Steven Spielberg and Stanley Kubrick: Together Again For the First Time
Written: Jul 02 '01 (Updated Jul 02 '01)
Product Rating:
Pros: Intelligent? Yes.
Cons: Artificial? Unfortunately so.
The Bottom Line: This film is gorgeous in every frame, with haunting performances and enough intelligent questions to fuel film-school theses for many years to come. And yet, it's flawed, chilly and disjointed.
Grouch's Full Review: A.I. Artificial Intelligence
Steven Spielberg’s A.I. Artificial Intelligence might just be the best value for your dollar at this summer’s cineplex. For the price of one admission, you get three movies, each of them odd and perplexing and downright beautiful. A.I. is divided, none too seamlessly, into three distinct parts:
1. Grieving parents Henry and Monica Swinton adopt a robot boy named David in an effort to fill the void left by their comatose, cryogenically-frozen son.
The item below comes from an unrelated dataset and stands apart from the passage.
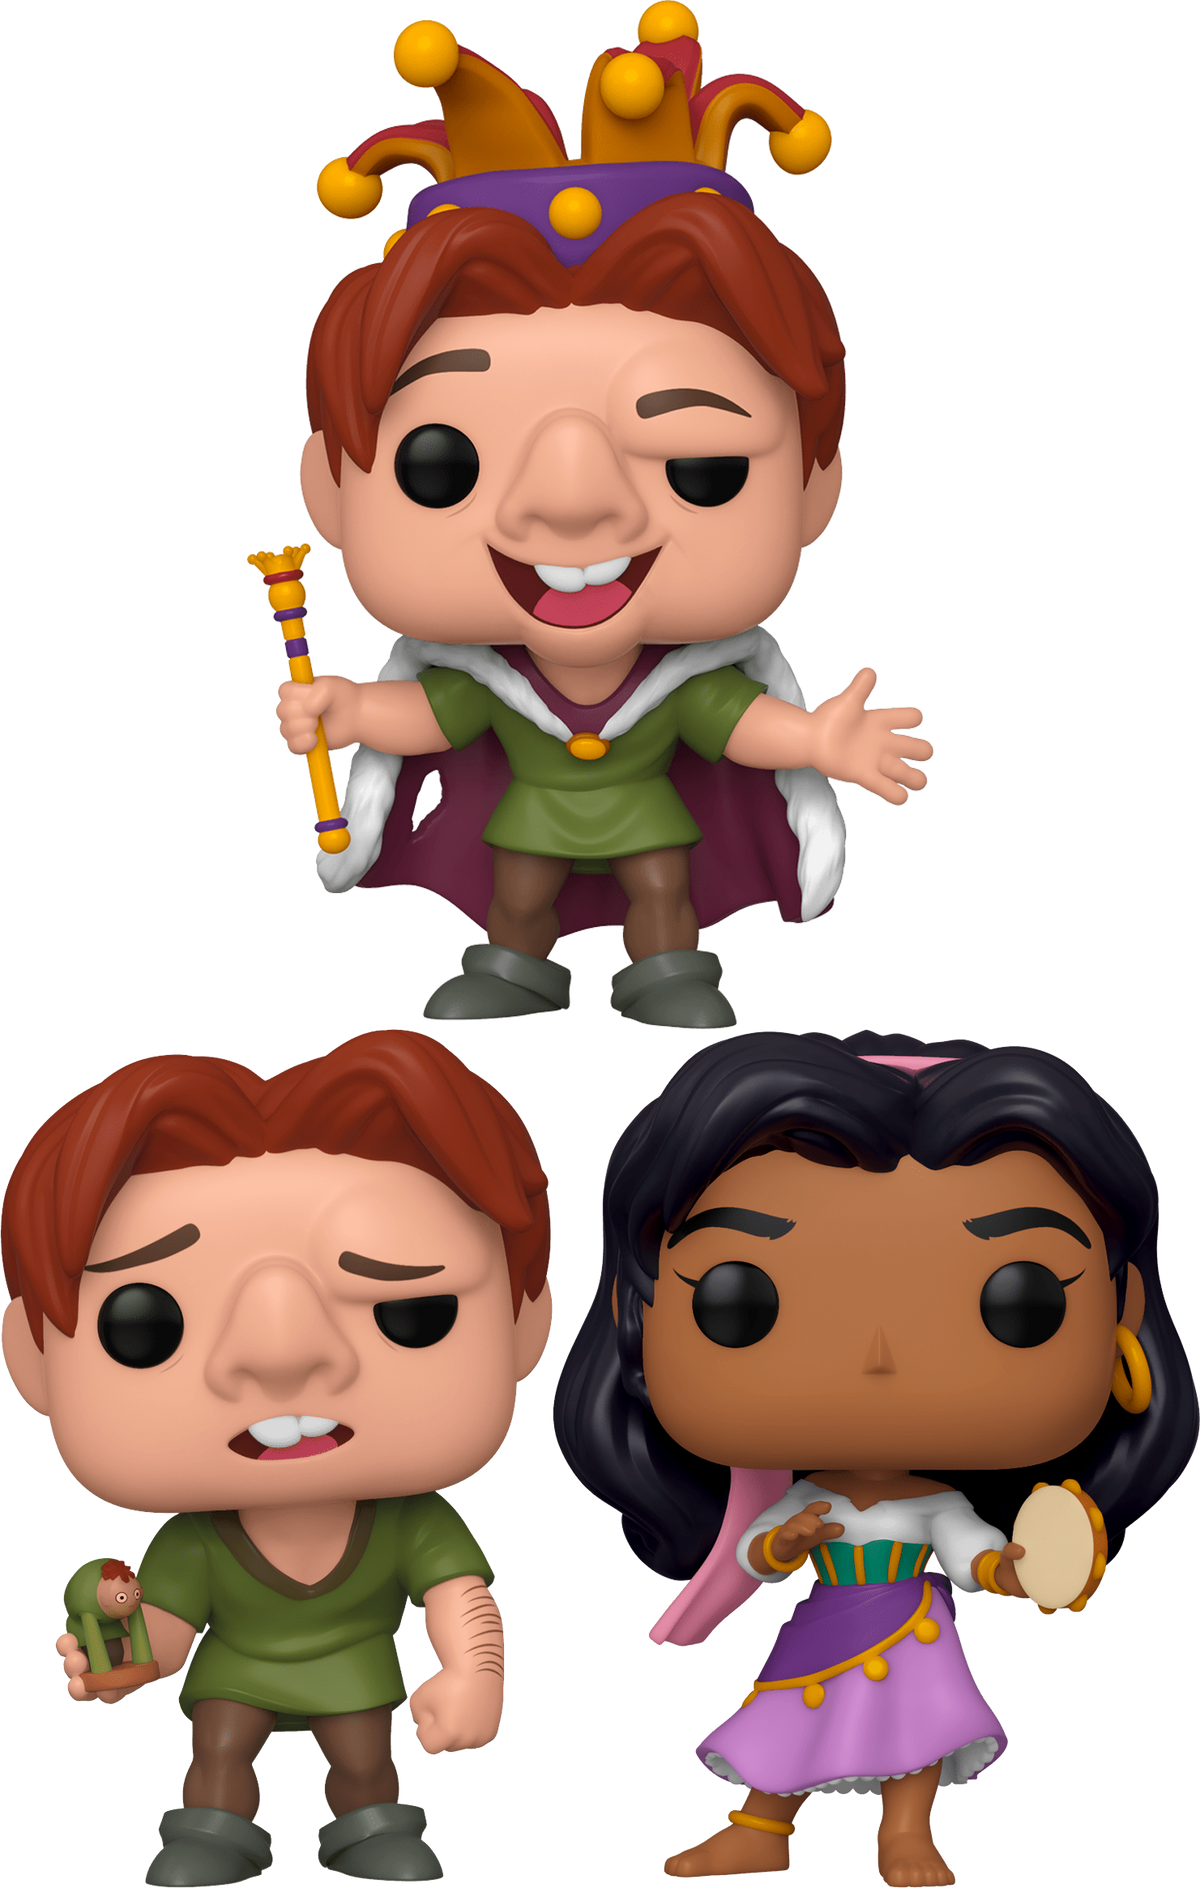 Funko Pop!  The Hunchback of Notre Dame (1996) - Quasimodo #633 - The Amazing Collectables

The mother eventually warms to her robo-son but must give him up after a series of unfortunate events.
2. David, who only wants to become “real,” falls in with a band of robo-refugees running from “organic” humans who torture them in public displays. His new friend, a computerized male prostitute named Gigolo Joe, aids him in his quest to find the Blue Fairy who will make him real.
3. David meets his destiny. (No spoilers here)
Loosely based on a 1969 short story by Brian Aldiss called “Supertoys Last All Summer Long,” A.I. transports us into a world in the near future when polar ice caps have melted and most of the globe, including New York City, is underwater. It’s a world of sterile material comfort, where the dividing line between real and manufactured blurs and dissolves. It’s a world where humans have made robots “too smart, too quick and too many.” It’s a society—hauntingly real and possible—where the person sitting to your left at the dinner table could very well be a robot. A very real, flesh-coated machine that laughs and cries and asks questions. The only way to tell the difference between your real son and his replicant replacement is whether or not he eats spinach.
If you’re cinematically hip, you’ll recognize this as the kind of place that might be a collaboration between HAL and Alex and his droogs. And you wouldn’t be too far off the mark since Stanley Kubrick was originally at the helm of the project. After his death in 1999, Spielberg slid into the director’s chair. It’s probably the oddest pairing since Pat Boone teamed up with Dweezil Zappa.
For the first time since 1977’s Close Encounters of the Third Kind, Spielberg works from his own script (with a screen story credit going to Ian Watson). Still, the ghost of Kubrick haunts nearly every frame. He’s there, just around the corner in the decadent Rouge City with its milk bars and neon pornography; and in the cold geometry of the Swintons’ home; and the droog-like violence of the Flesh Fair where orgas (humans) take unnatural delight in tearing apart mechas (robots) limb by limb. It’s a chilly world, punctuated only by the warm, condensed breath of Mr. Spielberg.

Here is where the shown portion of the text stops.